When it came to stopping the Kalanaro, the dogs would turn the trick with greater spectacle than bullets--and in their wake leave survivors who might, out of fear, prove quite amenable not only to revealing the pitchblende's location but to digging it from the ground.

With a creaking of hinges, two guards opened the entrance. Hempel entered first, followed by the Kalanaro, spears pointed outward.
     

The searchlights centered on Hempel, who snapped his heels together, arm springing into the air, chin lifted, eyes like obsidian. "
Seig Heil
!"

"
Sieg heil
!" Pleshdimer cried, stepping from behind the medical tent.

Hempel bellowed the greeting for a third time, and the men answered, visible excitement in their mien.

The Zana-Malata dramatically stretched out his hands. Small flames burned in his cupped palms. The men began to murmur, now and again looking toward the dog-runs. A couple patted the syphilitic on the shoulders.

Comrades all.

Squealing with joy and brandishing their spears, the Kalanaro darted toward the Jews, who backed abruptly from the fence.

"
Vahilo minihana! Vahilo minihana
!" Hempel shouted.
 
"Attack and eat! Attack and eat!"

The guard at the ghetto entrance tugged up his heavy gloves and swung open the gate, only to be bowled over by an outrush of Jews. Erich saw the guard's gun fall.

The machine gunner in the northwestern tower laid down a peppery line of fire at the prisoners' feet, and the forward surge of captives halted. The guards stepped forward, Mausers raised. For a moment Jew and German looked at each other anxiously, and then the prisoners withdrew into the ghetto, leaving the fallen gun.

"
Vahilo minihana!
" Pleshdimer yelled, raising a fist.

The guards laughed at the Jews who were racing to get under their canopy, seeking the false safety of the shadows.

The Kalanaro did not enter the ghetto. Instead, they circled it, poking their spears between the electrified strands.
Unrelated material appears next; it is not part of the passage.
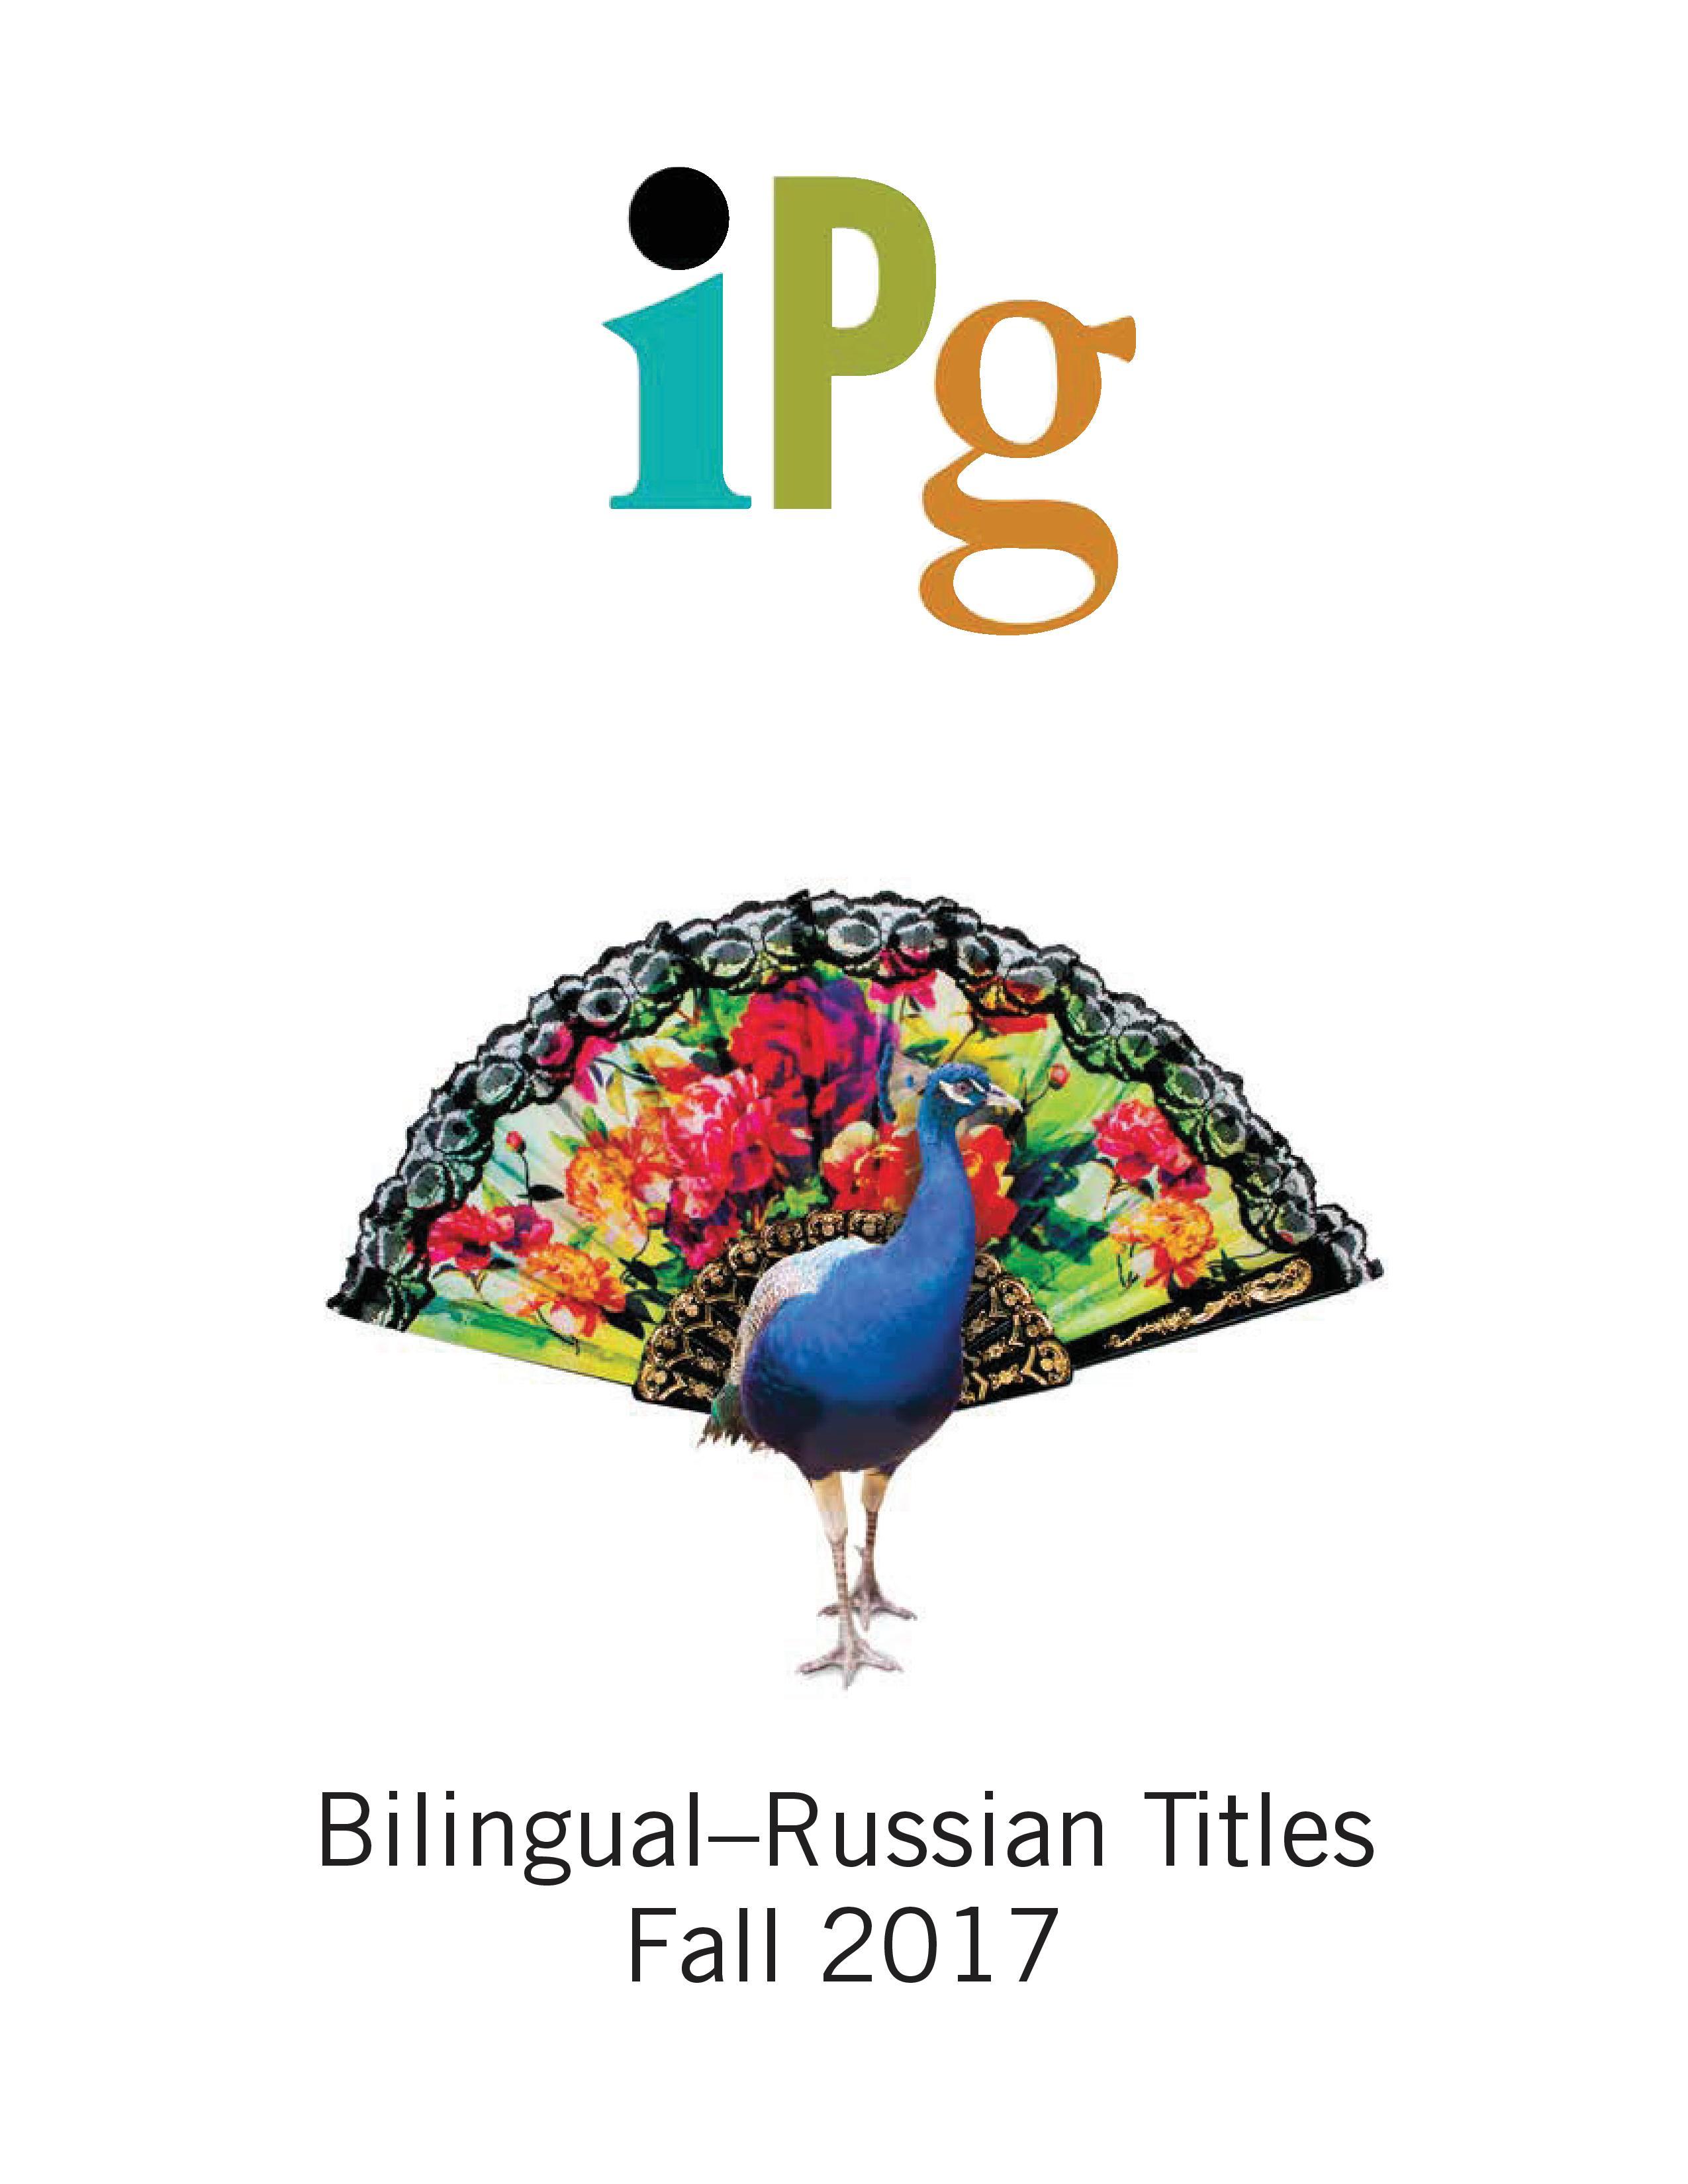 Bilingual Russian Titles

Their movement sent the dogs into renewed frenzy.

"Control the dogs!" Erich hoarsely ordered the trainers. "They're no match for the Mausers!" Fighting to keep Taurus from charging, he swung the submachine pistol off his shoulder and, the choke chain wrapped around his forearm, lay down on the grass for a clear shot.

Trembling with excitement and fear, he zeroed in on Hempel's heart. He wondered if it might not be wiser to shoot the Zana-Malata, standing with his palm-cupped flames raised like some committeeman welcoming home a household of prodigals.

No, he decided. There was much greater purpose and pleasure in killing Hempel.

"Watch me bring the house down!" a guard loudly bragged, sighting toward the canopy. "See the guy ropes?"

The question momentarily shifted Erich's attention to the ghetto, and what he saw made him lift his cheek from against the gun's cool metal.

Stepping from beneath the canvas, Solomon Freund walked toward a leaping, howling Kalanaro on the other side of the fence.

The African poked at him with a spear from between the wire, but Solomon was out of reach. The Kalanaro withdrew the weapon and hissed, showing his teeth like a baboon, then danced back as Solomon kept coming toward him.

Other prisoners emerged from the shadows, but stayed well out of range of the spears, watching silently as the whitely pulsing African again pranced toward Solomon, feinting, jabbing, shrieking his torment.